## Rows: 45,211
## Columns: 17
## $ age <int> 58, 44, 33, 47, 33, 35, 28, 42, 58, 43, 41, 29, 53, 58, 57, …
## $ job <chr> "management", "technician", "entrepreneur", "blue-collar", "…
## $ marital <chr> "married", "single", "married", "married", "single", "marrie…
## $ education <chr> "tertiary", "secondary", "secondary", "unknown", "unknown", …
## $ default <chr> "no", "no", "no", "no", "no", "no", "no", "yes", "no", "no",…
## $ balance <int> 2143, 29, 2, 1506, 1, 231, 447, 2, 121, 593, 270, 390, 6, 71…
## $ housing <chr> "yes", "yes", "yes", "yes", "no", "yes", "yes", "yes", "yes"…
## $ loan <chr> "no", "no", "yes", "no", "no", "no", "yes", "no", "no", "no"…
## $ contact <chr> "unknown", "unknown", "unknown", "unknown", "unknown", "unkn…
## $ day <int> 5, 5, 5, 5, 5, 5, 5, 5, 5, 5, 5, 5, 5, 5, 5, 5, 5, 5, 5, 5, …
## $ month <chr> "may", "may", "may", "may", "may", "may", "may", "may", "may…
## $ duration <int> 261, 151, 76, 92, 198, 139, 217, 380, 50, 55, 222, 137, 517,…
## $ campaign <int> 1, 1, 1, 1, 1, 1, 1, 1, 1, 1, 1, 1, 1, 1, 1, 1, 1, 1, 1, 1, …
## $ pdays <int> -1, -1, -1, -1, -1, -1, -1, -1, -1, -1, -1, -1, -1, -1, -1, …
## $ previous <int> 0, 0, 0, 0, 0, 0, 0, 0, 0, 0, 0, 0, 0, 0, 0, 0, 0, 0, 0, 0, …
## $ poutcome <chr> "unknown", "unknown", "unknown", "unknown", "unknown", "unkn…
## $ y <chr> "no", "no", "no", "no", "no", "no", "no", "no", "no", "no", …
Marketing is one of the most important aspect in business as it managed to draw customers in buying products in any business including banking.
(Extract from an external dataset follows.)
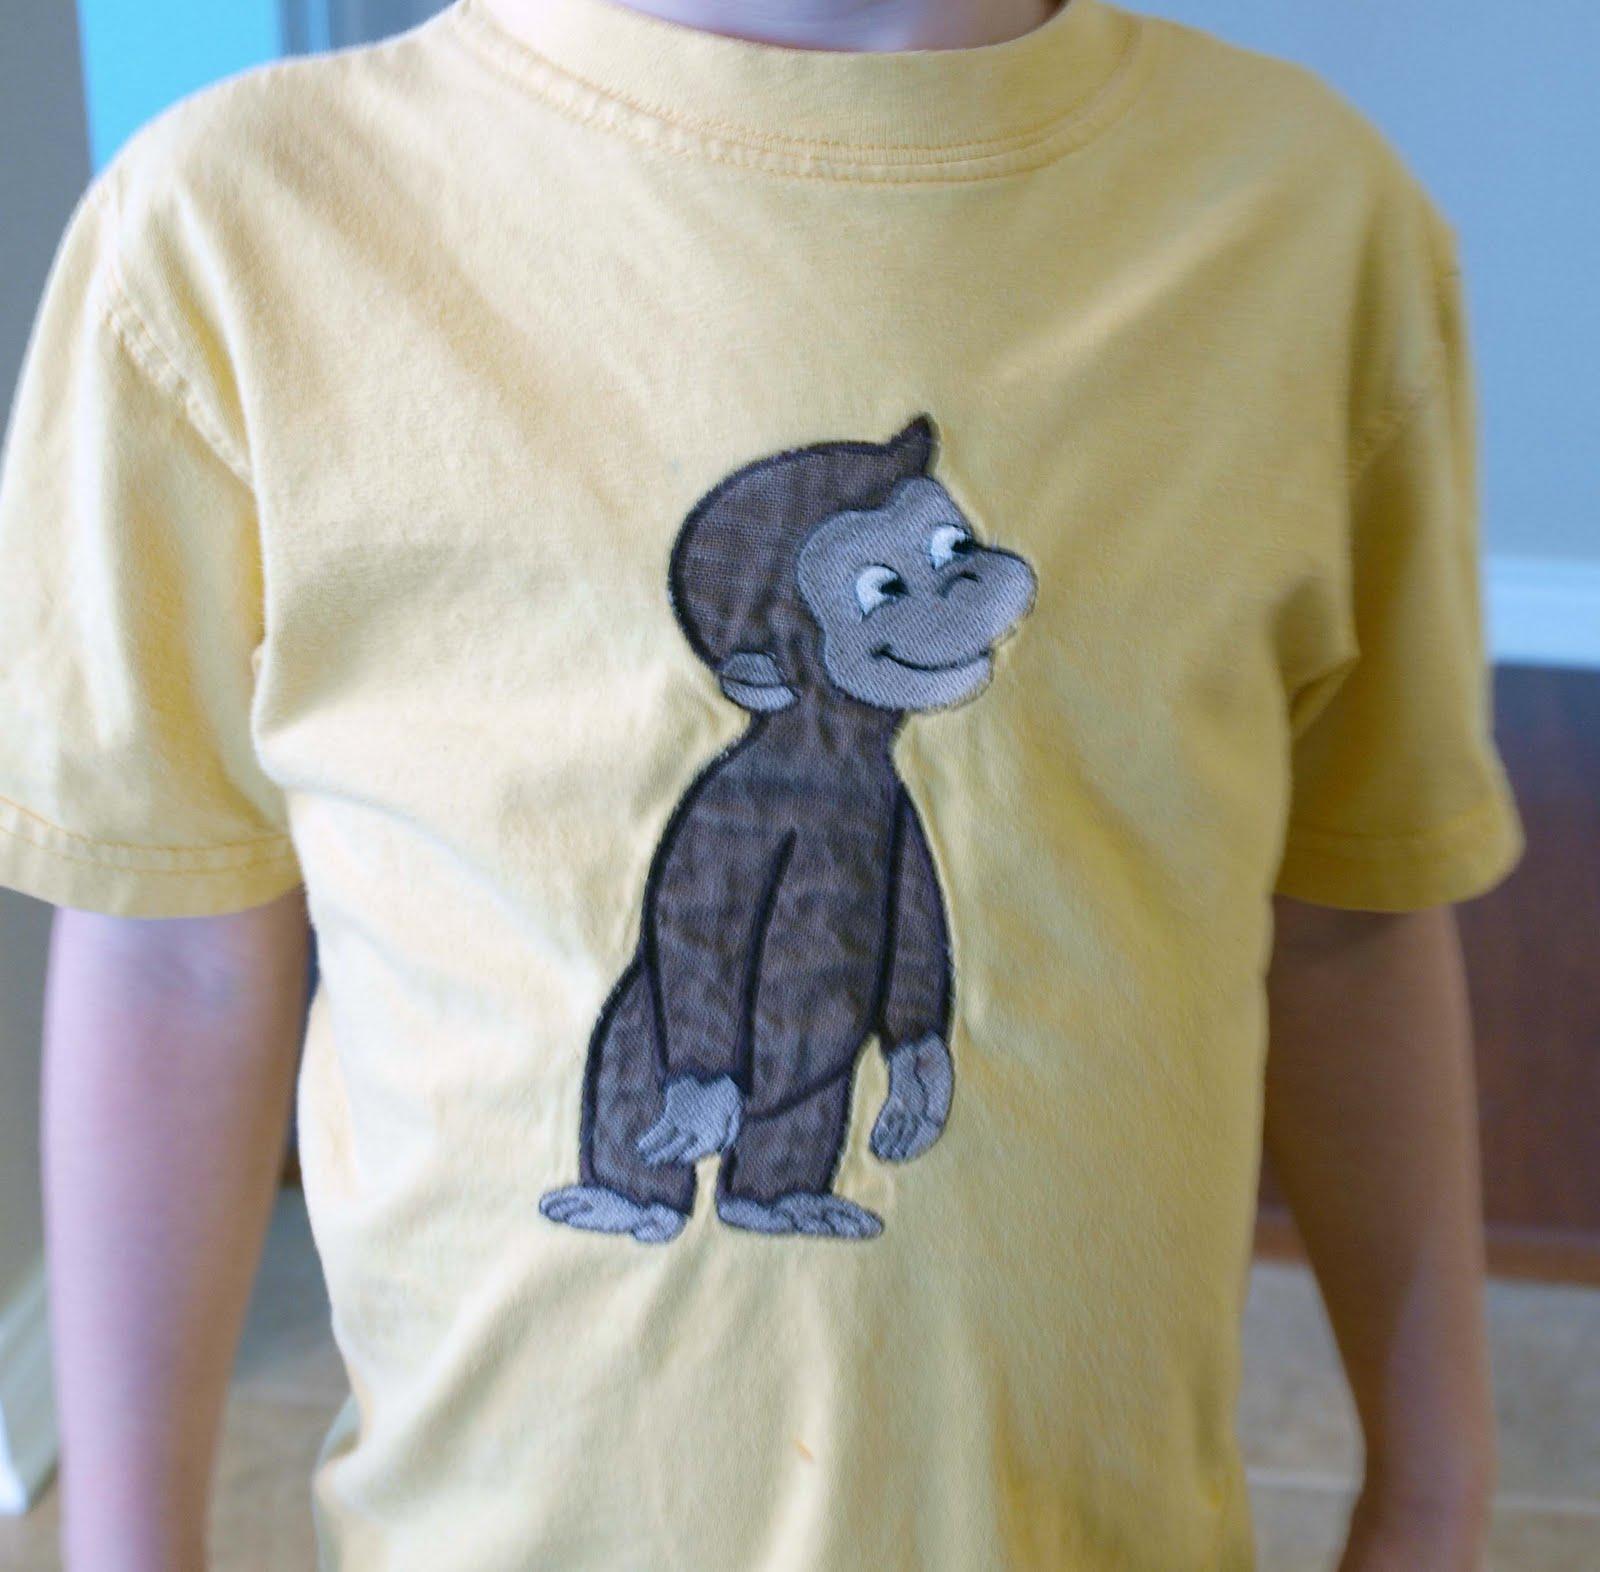 http://4.bp.blogspot.com/-BOsNjUVMdlE/TbSrdrVgb2I/AAAAAAAAAwM/O47H3QxefEY/s1600/Curious+George+Shirt.jpg

In banking industry, marketing as well as sales are one of their core forces in promoting bank products so that banks can gather funds for their operations. But, as we all knew, not all of the banks marketing campaigns manage to draw customer successfully while in fact, most of marketing campaigns failed in drawing customers compared with their success. Banks have always been battling in putting their resources on the correct customers correctly. But, what if banks can know which customer that will most likely to buy their products even before they do their marketing campaign?
And we can actually know that with the power of machine learning where we can learn which customers will most likely to buy banks products when got contacted for marketing campaign by analyzing various charateristics (variables) of the customers so that banks can focus their resources more efficiently. In this article, we will demonstrate how to predict which customers that are most likely to say yes for buying financial products after contacted with marketing by making a model that will be trained and tested on a Portuguese marketing bank data. This dataset contains bank client data these variables:
So basically the variables represent these relationships toward the success:
in the 1st step of our data preprocessing, We will check about the duplicated and missing values entries below which are not exist
colSums(is.na(bank))
## age job marital education default balance housing loan
## 0 0 0 0 0 0 0 0
## contact day month duration campaign pdays previous poutcome
## 0 0 0 0 0 0 0 0
## y
## 0
duplicates <- duplicated(bank)
sum(duplicates)
## [1] 0
however, there might be another value that we can consider as missing value as in the context of unknown, the value which we cannot explain. We will try to include all of the value as many as possible and try to convert the unknown into other values, exclusive type of value that are not included into existing categories.
sapply(bank, function(x) sum(x == "unknown"))
## age job marital education default balance housing loan
## 0 288 0 1857 0 0 0 0
## contact day month duration campaign pdays previous poutcome
## 13020 0 0 0 0 0 0 36959
## y
## 0
bank$contact <- ifelse(bank$contact == "unknown", 'other', bank$contact)
as shown in the above code and result, we convert contact column that have unknown value into other. The reason of why contact column is the only one that have unknown converted while the others that have unknown value such as jobs and education are not converted because, the number of unknown value in contact is so much bigger compared with meager unknown value in job and education as well as the impossibility in predicting unknown value in job and education due to the vast number of options. The poutcome is a little bit tricky and need to be cross-referenced with other columns.
head(table(bank$previous))
##
## 0 1 2 3 4 5
## 36954 2772 2106 1142 714 459
head(table(bank$pdays))
##
## -1 1 2 3 4 5
## 36954 15 37 1 2 11
head(table(bank$poutcome))
##
## failure other success unknown
## 4901 1840 1511 36959
# Making a new pcontact column in order to convert the unknown value into non-existent
bank$pcontact <- ifelse(bank$pdays == -1, 0, 1)
bank$prev_camp <- ifelse(bank$pcontact == 0, 'nonexistent', bank$poutcome)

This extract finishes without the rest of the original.